Он не сразу понял. Потом приподнял костлявые плечи, почему-то сперва одно, потом другое. Это выглядело забавно.
– Везде одинаково.
– А-а, – сказал я, следя за дорогой и особенно за обочинами. – А как там одинаково?
– Туман, – сказал старик. – Туман, смог. Как в девятнадцатом столетии, даже хуже. Только снега не так, как здесь. Иногда тает.
– Да здравствует Гольфстрим, – кивнул я. – А адаптанты?
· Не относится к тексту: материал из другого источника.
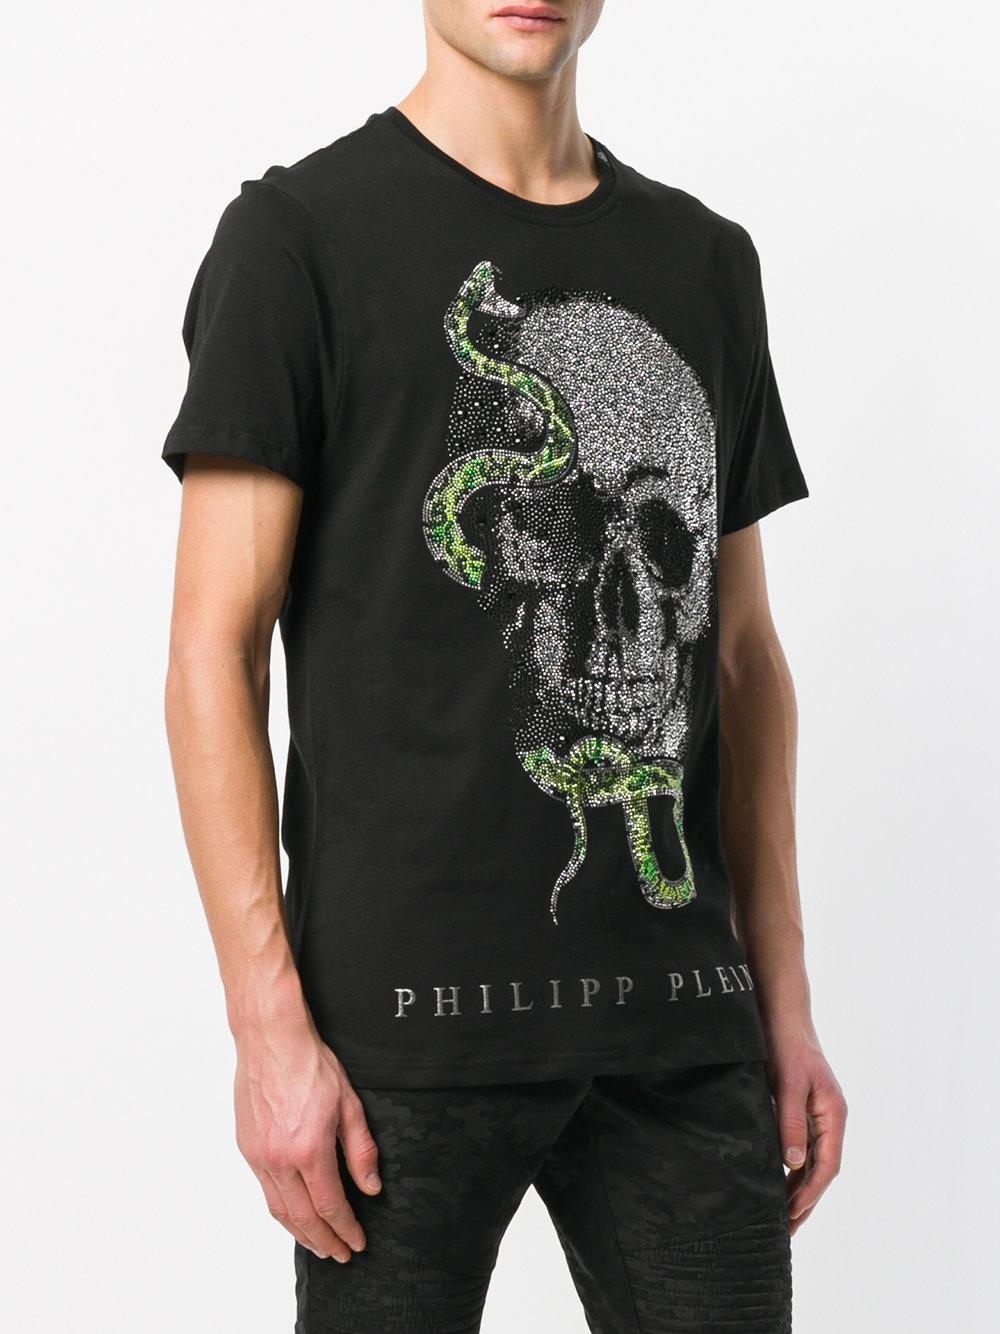 Philipp Plein Cotton Skull Snake Patch T-shirt in Black for Men - Lyst

Он только пожал плечами – опять поочередно. Очевидно, хотел сказать, что этого добра и там хватает.
– Как вы думаете, они все-таки люди?
– Что вы имеете в виду? – спросил он. – Генетически или социально?
– Генетически. Социально – тут все ясно.
– Вряд ли, – подумав, сказал Бойль. – Э-э… вряд ли ясно. С обыденной точки зрения они, разумеется, не люди, а… изродки. Я правильно сказал? Выродки? Да-да, именно выродки, благодарю вас, я осказался… Оговорился? Да-да. Однако по их социальному поведению их, вероятно, все еще следует относить к людям, нравится это нам или нет. Пусть к самым отвратительным людям, какие когда-либо оскверняли земную поверхность, но все-таки, извините, к людям…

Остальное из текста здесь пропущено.